# 🎙️ L4-B: Speech Recognition - Connectionist Temporal Classification

---

Having explored speech features already, let's proceed with end-to-end speech recognition:
- L4-A) Speech Features 🌊
- **L4-B) Speech Recognition - Connectionist Temporal Classification** 🕰️

Connectionist Temporal Classification (CTC), is an algorithm that addresses the issue of mapping a length variable input sequence to a fixed transcription.

For instance, if you try to transcribe someone saying "hello", by simply classifying the phonemes at every small audio chunk, you may get "hhhheeellooo" or "heeeellllooo", for instance. CTC smartly solves this alignment issue, and we'll illustrate in this colab how this is achieved, step by step.

We will learn about CTC, by using one of the current state-of-the-art speech recognition models: wav2vec.

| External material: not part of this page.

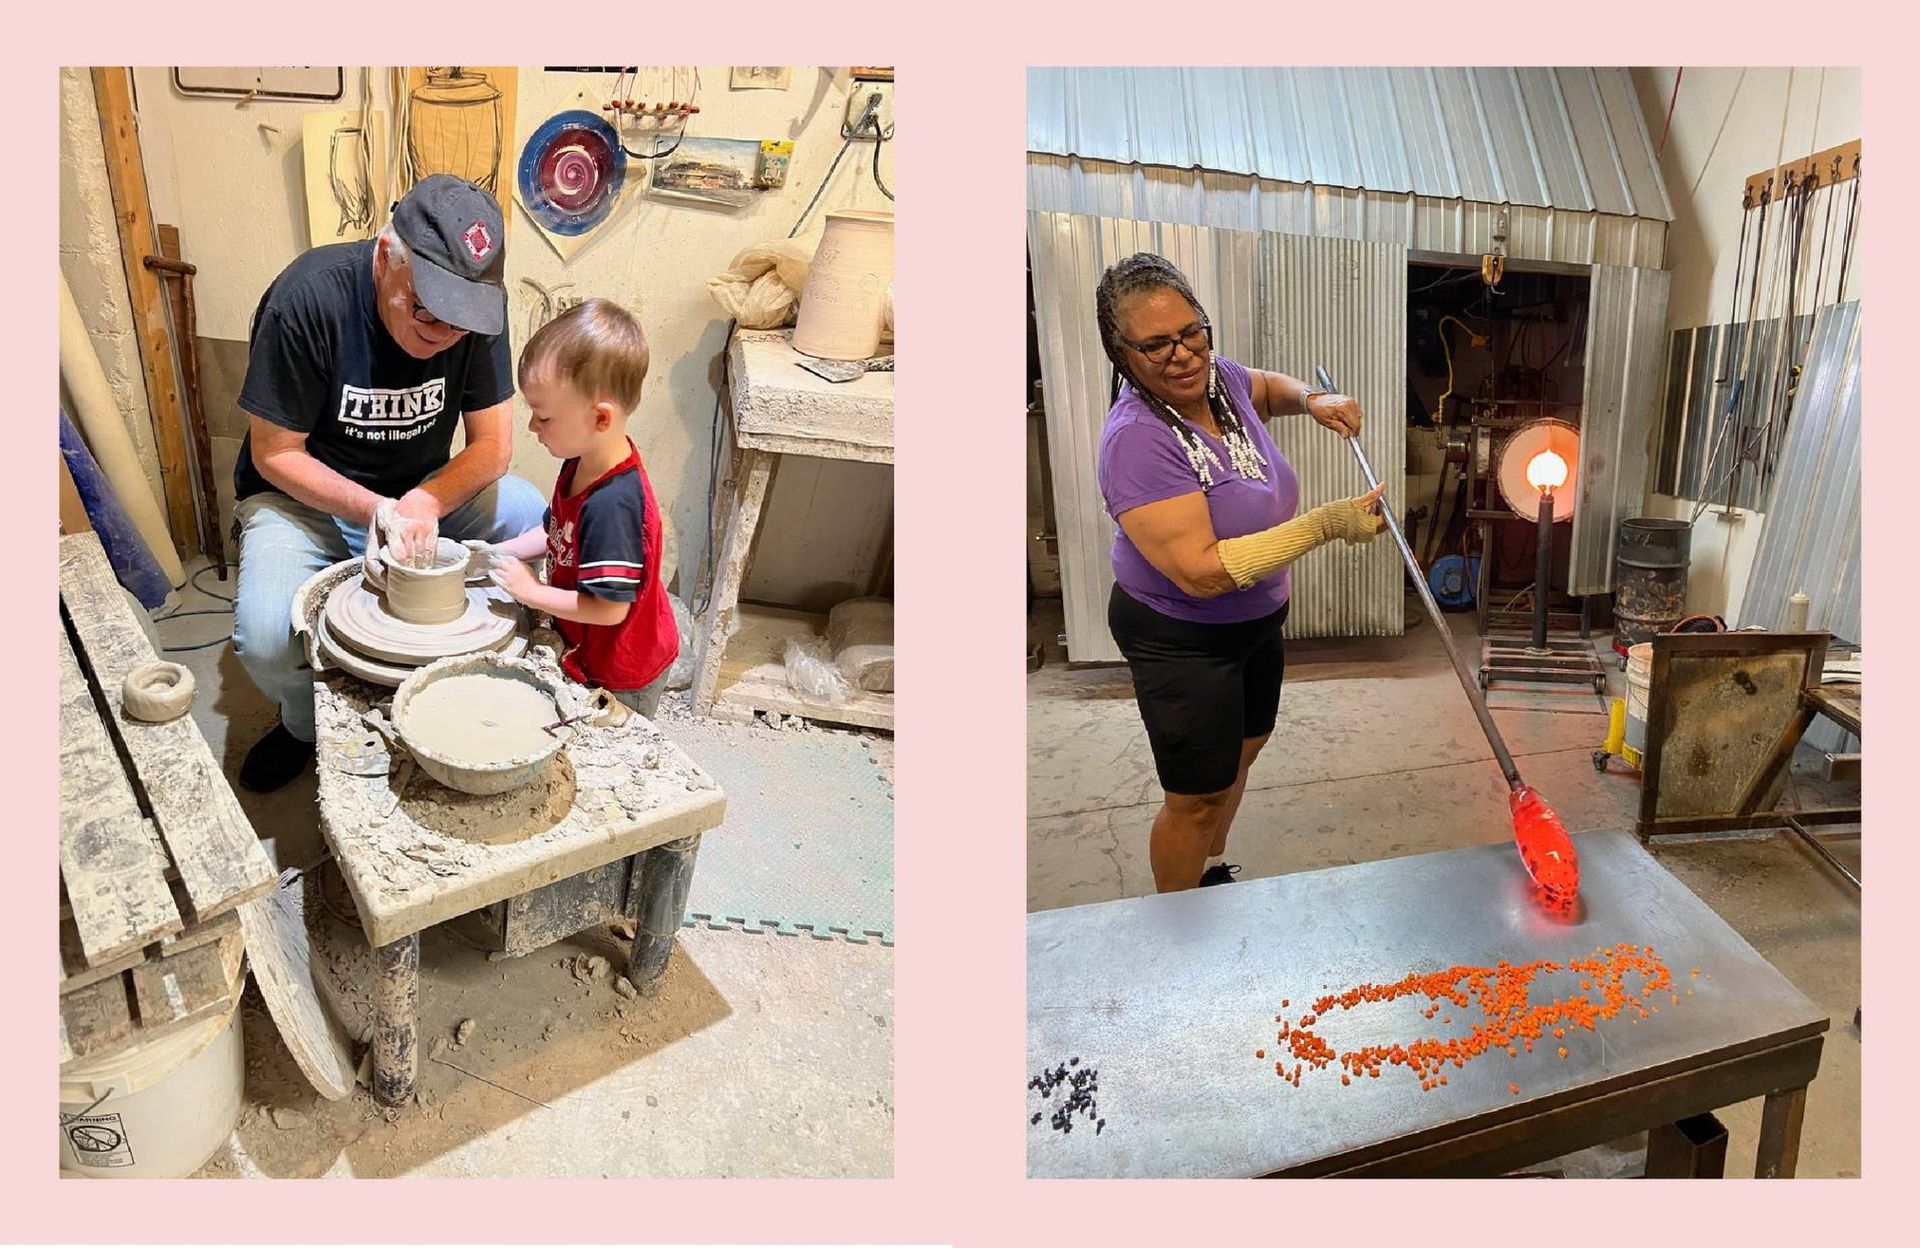 A photo collage of a man doing pottery with a toddler and a woman working on a glass blowing project. Next Avenue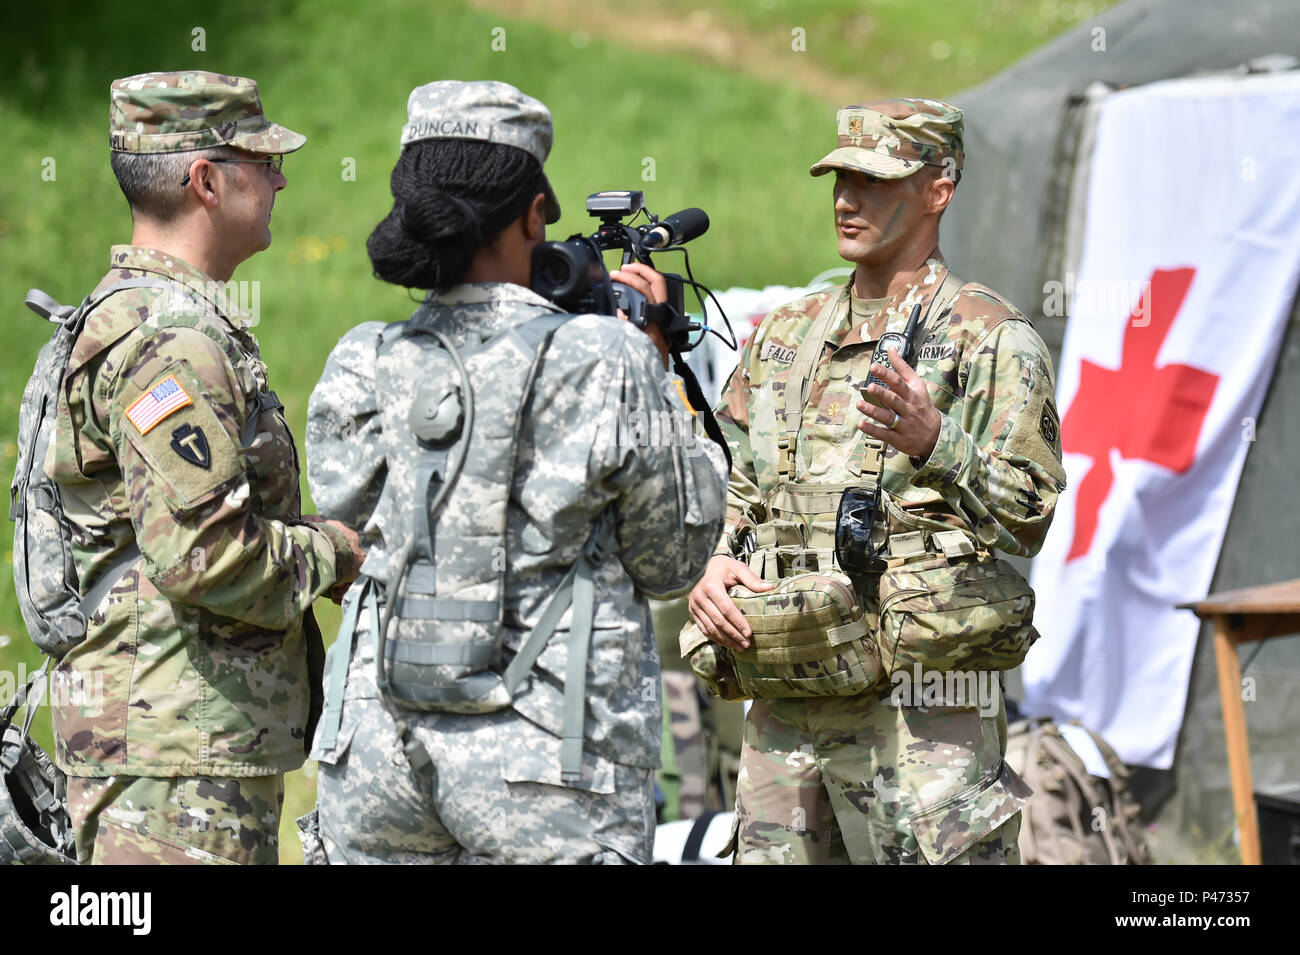 (From left to right), U.S. Army Staff Sgt. Mark Scovell and U.S. Army Sgt. Marline Duncon, both with 100th Mobile Public Affairs Detachment, interview U.S. Army Maj. James Falcon, a surgeon with the 1st Brigade Combat Team, 82nd Airborne Division, during Exercise Swift Response 16, June 16, 2016 in Hohenfels, Germany. Exercise Swift Response is one of the premier military crisis response training events for multi-national airborne forces in the world. The exercise is designed to enhance the readiness of the combat core of the U.S. Global Response Force - currently the 82nd Airborne Division's  Stock Photo

This consists of a Transformer-based encoder that has been trained with a self-supervised learning method, followed by a classifier that outputs characters.

We will be using some of the most trending Python libraries right now: HuggingFace for loading the ASR models, and PyTorch-Lightning for handling the data.

The lab will be carried out through the following steps:

1) Download and explore LibriSpeech test data.

2) Download HuggingFace wav2vec model.

3) Transcribe test data with wav2vec. Check the effect of CTC in word error rate (WER) metrics.

4) Repeat the previous step, but applying different levels of noise to audio, studying how performance varies depending to noise.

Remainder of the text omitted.